Personal views: Starting back at the bottom
1999
Ihave lost count of the times that people have told me that I must have been upset to give up surgery. It seemed that everyone who interviewed me thought that the surgical bug would eventually pull me back. I think after four years in general practice I can safely say that the move was one of the best decisions I have made.
I had always aimed at doing surgery, and three and a half years into senior house officer posts I was on a good rotation and had achieved the fellowship of the Royal College of Surgeons. But osteogenesis was winning. In the days of open cholecystectomies we used to guess the patient’s weight by how many fingers I broke holding the liver retractor. I was furious on one occasion during my accident and emergency job when my boss sent me home after I broke my toe, in my view a minor injury. The final straw was a fracture round my elbow early in a three day weekend on call. Over a cup of coffee with my consultant the next day I talked myself round to the idea that the part of surgery that I found most fulfilling if I could not operate was talking to patients and their long term care, and so general practice was the right way to go.
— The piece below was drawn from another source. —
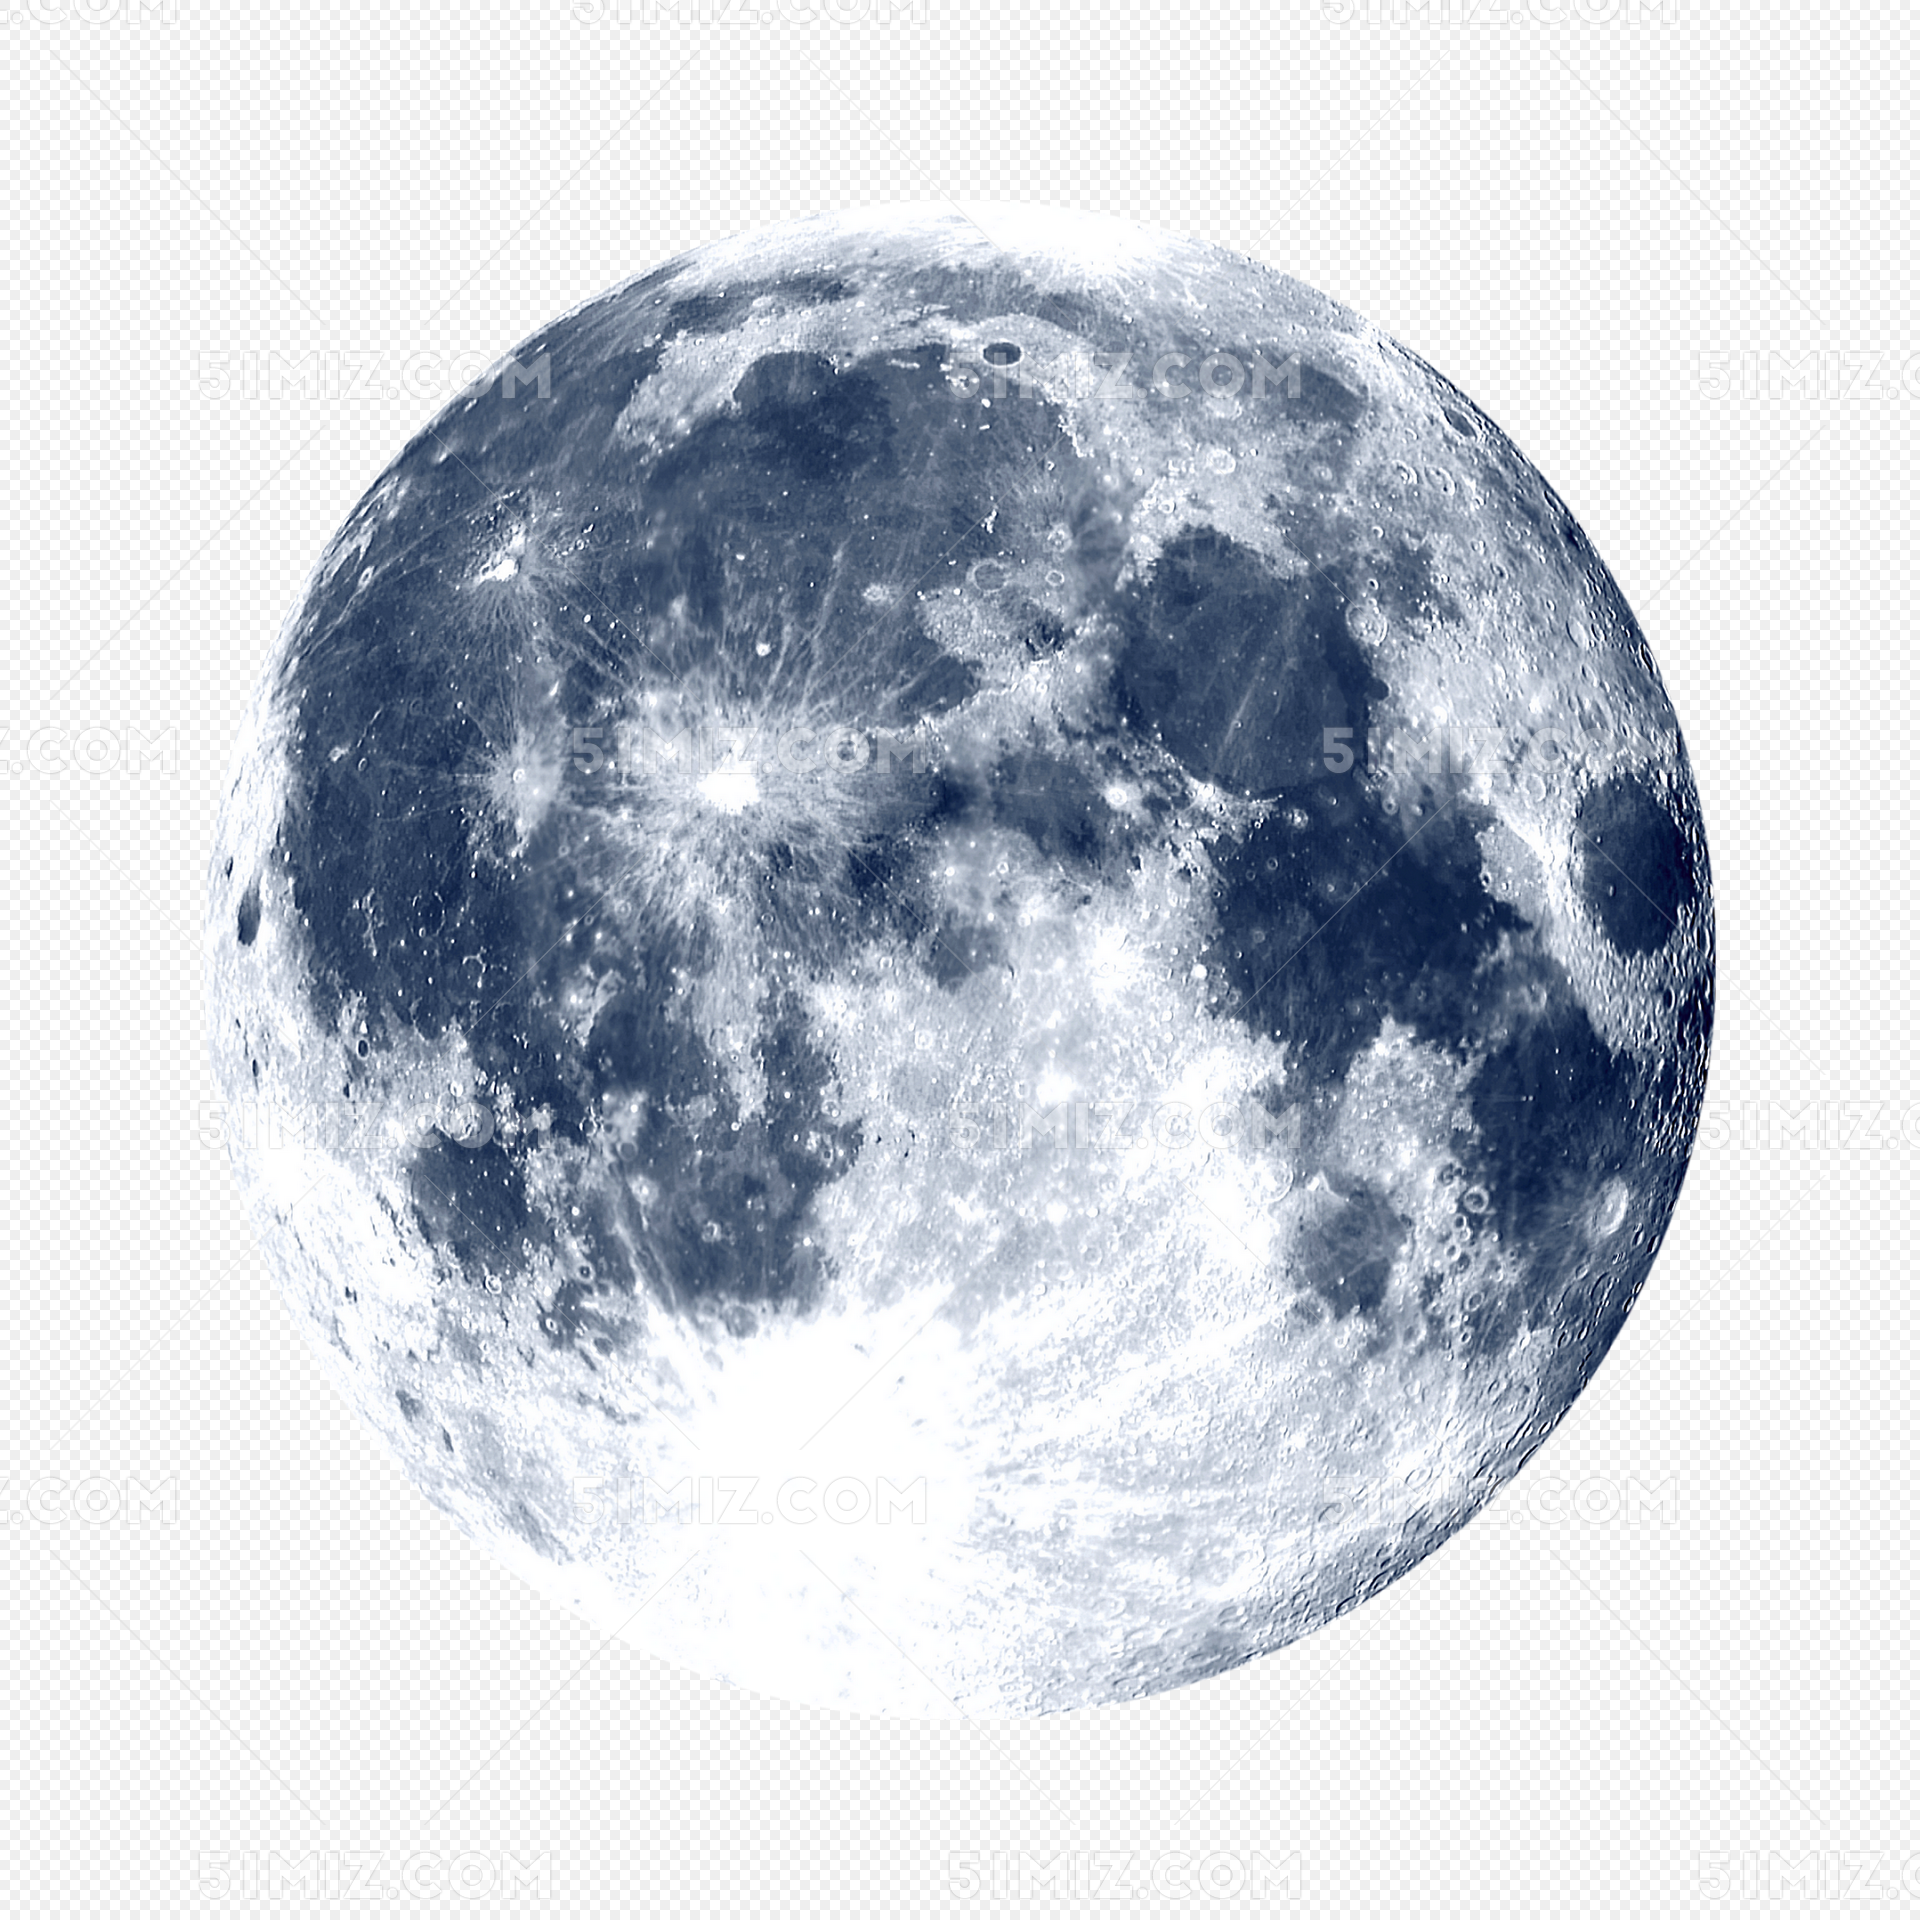 有哪些很好看的月亮的图片啊？ - 知乎

I wonder how many juniors are put off a major career change by a feeling of failure in their previous specialty
I decided to do a complete training scheme partly because I did not think that I had enough experience of other areas of medicine, and partly because none of my surgical jobs was recognised for vocational training. Vocational training held many surprises, not least that my surgical experience was far better preparation for general practice than any of the training scheme posts. I was used to coping with uncertainty. The medical problems I saw in surgery were far more akin to general practice than were those in general medicine, where by definition we saw the problems that GPs could not sort out. Also, with a background in neurosurgery I had plenty of experience of and training in breaking bad news. It came as quite a shock on a new trainers’ course earlier this year to find that out of 10 prospective trainers I was the only one with any training in this skill.
The hospital jobs were hard; suddenly I was back to being at the bottom of the pile. It came as a blow the first time in gynaecology when I was timetabled to be in theatre and was sent away to find a proper gynaecological senior house officer. Surgical problems were another bone of contention. It seemed a daft system that someone with non-gynaecological pain was sent home even if it was a barn door appendix. On one occasion a registrar did relent and let me relieve a patient of an inflamed appendix as he wanted to learn how to do it. In care of the elderly the consultant seemed willing to let me decide whether we could deal with a situation rather than call on a surgical senior house officer probably less experienced than I was.
But a lot of the hospital time and teaching was unhelpful. Making prospective GPs attend tutorials for higher professional exams and then calling this appropriate in-service training is far from adequate. Some posts were good at recognising the different needs; others definitely were not. At the end assessment of one post the only comment I got from the consultant was that my writing was awful.
Consultants’ attitudes to GPs vary dramatically, and this has an effect on the juniors’ willingness to accept referrals. I was impressed with one who told us senior house officers never to refuse an admission as the GP was always more experienced than us. The GP can also see the home situation, but may not be able to tell you on the phone in front of the patient. I have since made a very dodgy referral because I did not dare do a repeat home visit to a man in a house with pornographic pictures all round and a six inch knife under the bed. You can always ring back later if you do not understand a referral. It would be good for all doctors, no matter what specialty—even surgeons—to spend time as GP registrars.
Having reassured my trainer that I really did want to be a GP, I finally made it to a training practice and have never looked back. But I wonder how many juniors are put off a major career change by a feeling of failure in their previous specialty or because they had less sympathetic seniors than I had. It is easy not to realise what a specialty involves until you try it; even preregistration house jobs do not really give you a clear idea. At a time when doctors’ stress levels are a major problem we should be making every effort to let juniors find the right area, even if it does mean a few false starts. Forty years in the wrong specialty is bound to lead to sick doctors.